AstolfoKarmix: Merging models from 2 different base models (v1.1)

This is a tech report, asking for ... nothing. How can you validate if this solved open questions? The objective and KPI is never clear here, opposing to a "new architecture pretrained model with lots of GPU hours and dataset." This is just art exploration, with some AI professional insights, and revising the history of merged models in SD1.5 (novelaileak) era.

This merge may contains many "special cases" on modified AI / ML algorithms. My solution may not apply to other scenarios effectively.

Meanwhile, as in 2506, there is MoE based merging algorithms, but it is way more expensive then training the model directly! Training models takes only 1 random timesteps per image per epoch, but training routers in MoE takes entire prediction process!

Tools used: (not this) comfy-mecha, (this) sd-mecha with my own python notebook.

Changelog:

v1.1: Heck, why images are lost? Fill in recent images instead.

v1.01: Changed some wordings.

v1: Initial content

Applied to AstolfoKarmix-XL.

Problem: Merging models from 2 base models

It is harder than "many base models". For k=2, algorithm is not enough.

For merging algorithm, see my another article on merging. I have successfully merged 200+ models coming from many base models.

The concept of "finding the center" while merging models holds for a long time, even when performing MBW / LBW merge. No matter doing by hand or by algorithm, unless the entire interpolation path between 2 models are good for the prediction task, staying close to a cluster of models will be most likely to have a successfull merge. It explains why most merges are limited within the same base model. The "animagine + pony" merge is still a open question which seems impossible.

Existing algoirithms works with k>2 cases.

Back in the development of AstolfoMix, inspired by Model Stock, I discovered Geometric Median, or Fermat point in a simple triangle, along with the real base model SDXL 1.0 and sophisated weight alignment / filtering algorithm "DELLA".

Coining the concept of vector fields (flow matching paper) and task vector (merge model paper), existing algorithms merge by eliminating contradicted vectors (by math sign function and ranking), meanwhile finding the optimal magnitude. It is effective when the "model pool" are having similar model weights, especially some merging papers assumed all models are finetuned from the same base model with simple task. The "task" here is obviously way too complicated.

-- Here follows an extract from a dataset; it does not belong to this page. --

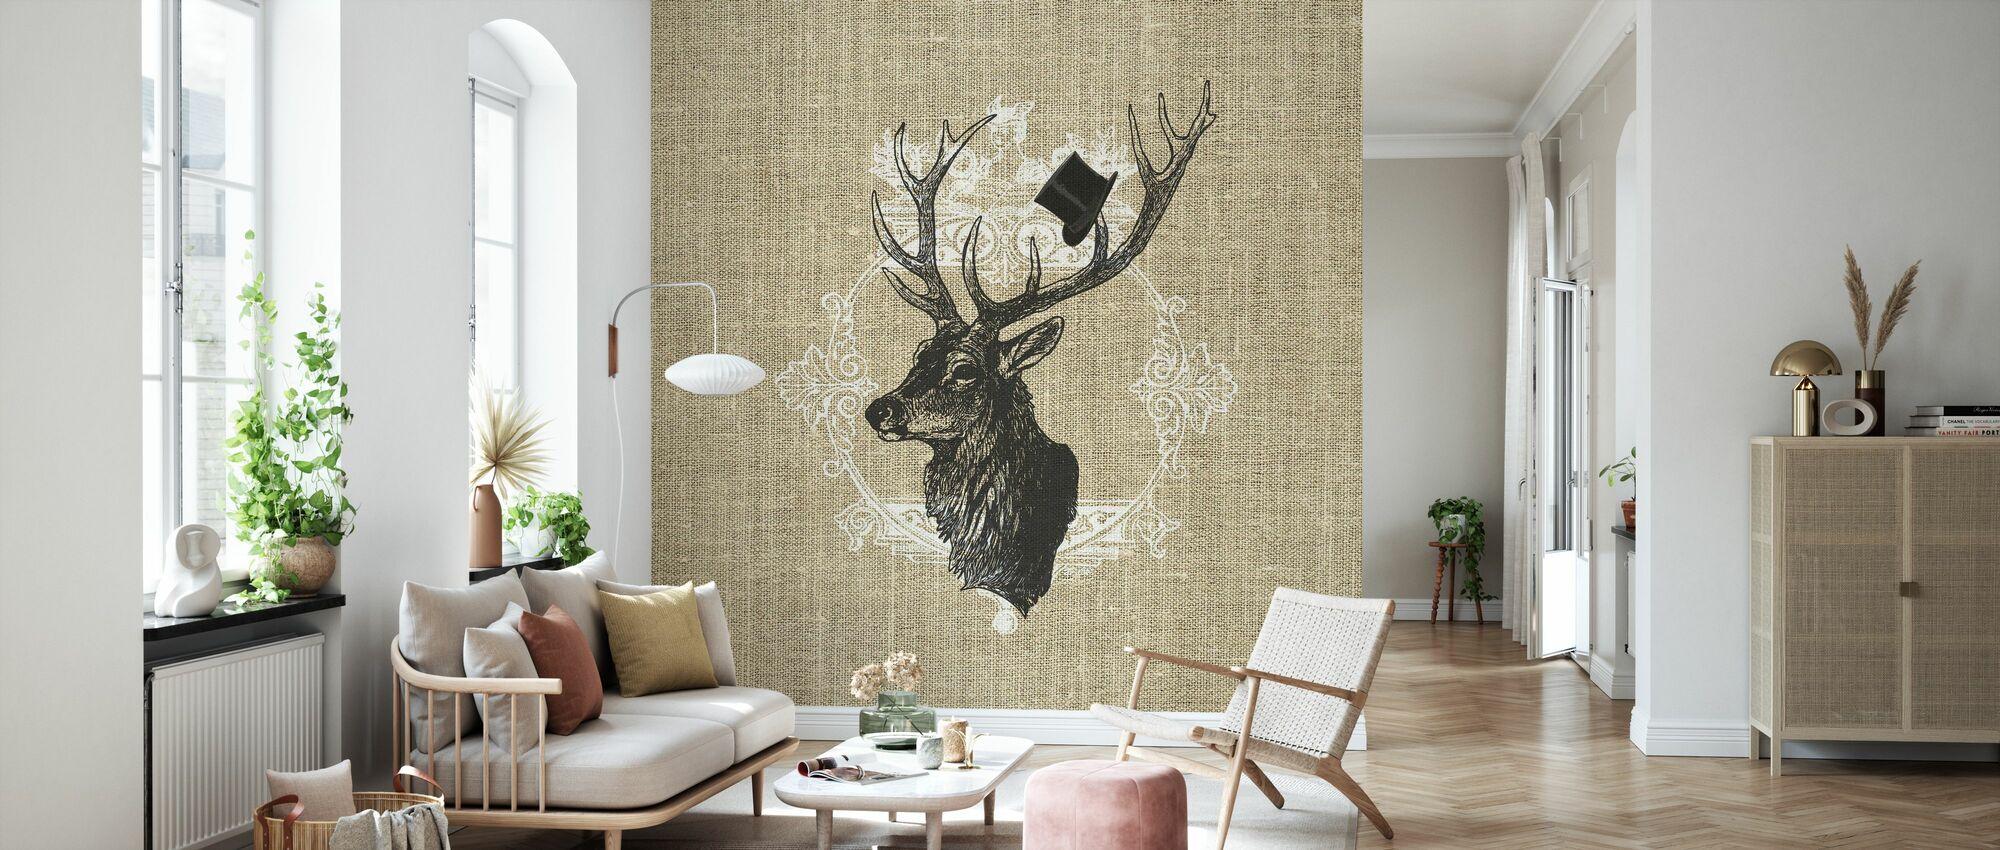 Gentleman Stag Linen - Wallpaper - Living Room
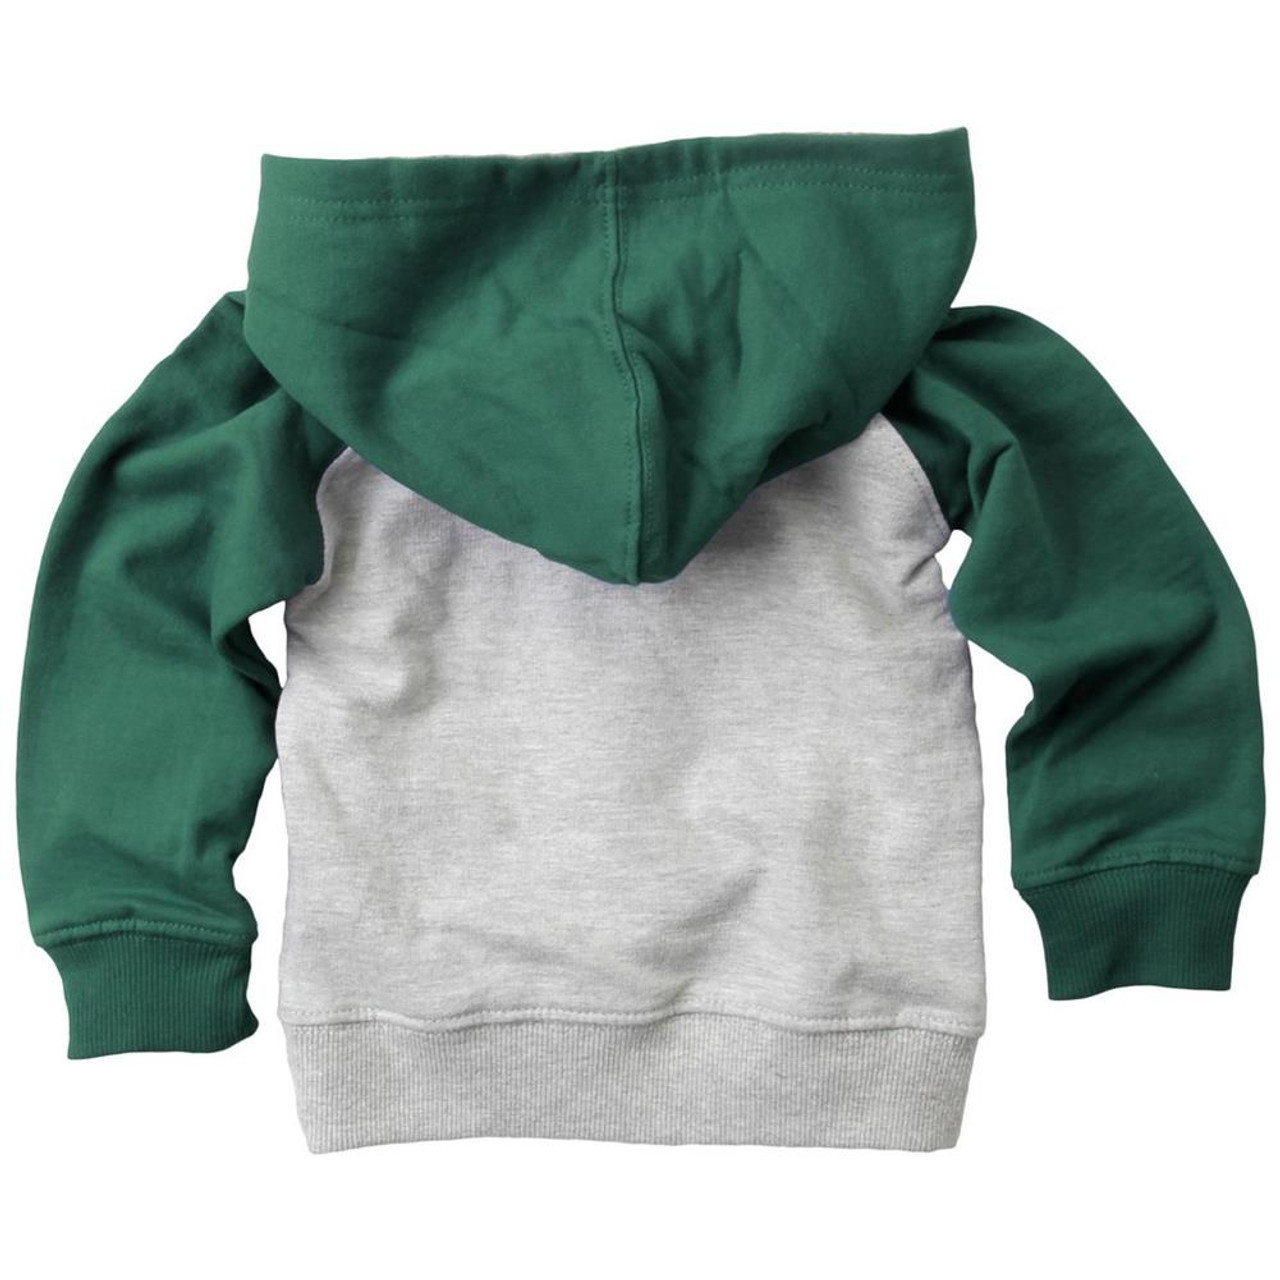 Infant/Toddler Raglan Michigan State University Hoodie and Pant Set

If the objective is merging only 2 cluster of models, or just 2 models, if the trajectory of weight shift are opposite each other, no matter many hyperparameters you dump (e.g. 26-30 in SD 1.5 MBW), it don't work when you add them together. You must pick either one side to survive the merge. The concept of "picking good model weight" is a novel task which there will be no professors can teach ~~is such task exist before?~~.

For example, AstolfoMix is based from SDXL1.0, meanwhile Karmix is based from IL (denied ~~Noob AI base~~), even both of them are having similar prediction, they can have diverse activation which just can't add up.

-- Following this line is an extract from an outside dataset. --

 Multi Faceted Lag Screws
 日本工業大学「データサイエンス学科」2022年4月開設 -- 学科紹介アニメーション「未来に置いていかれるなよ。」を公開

Solution / Compromise: Chosing either side.

Model weights are not supposed to be merged. Given a common algorithm (neural networks), fiddling model weights (assuming all models are trained properly instead of pure random) implies to performing Manifold Alignment as a by-product. The manifoid may look better when all models are trained on aligned task, however in such abstract, subjective, and complicated task ( "art", unless you limit contents to numbers (MINST) or fixed clases (ImageNet-1K, COCO) ), the manifold can expect super ugly. The manifold here is exactly task dependent gradient in parameter space. Without the sparsity of modern large nerual network, the "point of the emerged gradient" is usually non-sense with unknown loss metric in an unknown gradent with an unknown task. It is just luck, or Risk Diversification.

To be "greedy" here, finding the lowest loss metric in a "unknown but probably very ugly gradient between 2 arbitary points", it is still best to eliminate contradicted vectors and find the optimal magnitude of remaining vectors. Instead of assume absoluite 0 as the origin, we still need a base model.

Therefore, here comes my solution: Make 2 version of the merge from both base models, which is SDXL 1.0 and NoobAI. For example, picking the NoobAI will yield to the red dot which is likely have 87.5% content of NoobAI, I believe that it is the best solution right now.

To make the merge more effective, I extended the cluster size by including some trained / merged models on top of the base models. However, since the tie breaker is requried, make sure cluster size is balanced, otherwise the "geometric median" will go to the dense cluster, like what medoid does.

And then... it pays off.

Squared: AstolfoKarmix. Circled: NoobAI, Karmix, AstolfoMix.

Invisible advantage of AstolfoKarmix

Shout-out to hinablue and foreest919 to train on top of my models, while testing an optimizer under developement.

Disclaimer: Image preview below is based from "x6a" preview version but it should be 99% similar to the published "x6c" version. Mathmatically the expected value over random action (rebasin) remains the same.

Although it still looks like another merged IL model, the invisible advantage of AstolfoMix (or SDXL 1.0) is inherited.

First, further finetune is easier and faster to be effective, as shown in the loss curve. Credit: hinablue

It makes realistic model over IL / NoobAI becomes effective (400 step with customized optimizer). Credit: hinablue

Although not as superior as Chroma, my 1EP has (pre)trained with unfiltered content, which is absent from most anime models (images are filtered by aesthetic score). Credit: hinablue

Anime content has similar result. Extra low loss (although MSE loss explained almost nothing). Credit: forest919

Art style is accurate. Credit: forest919

Meanwhile asymmetric features can be learned effectively Credit: hinablue

In theory, SDXL 1.0 based (or just AstolfoMix) will be easier to train, but it may be less practical for making community based content. ~~Image coming soon too hard to motivate people to try.~~

Is it good to merge other bases like Animagine 4.0 + IL 2.0?

The proof is left as an exercise for the reader. I'm happy to see my theory proven in many other specific cases, and being a general solution.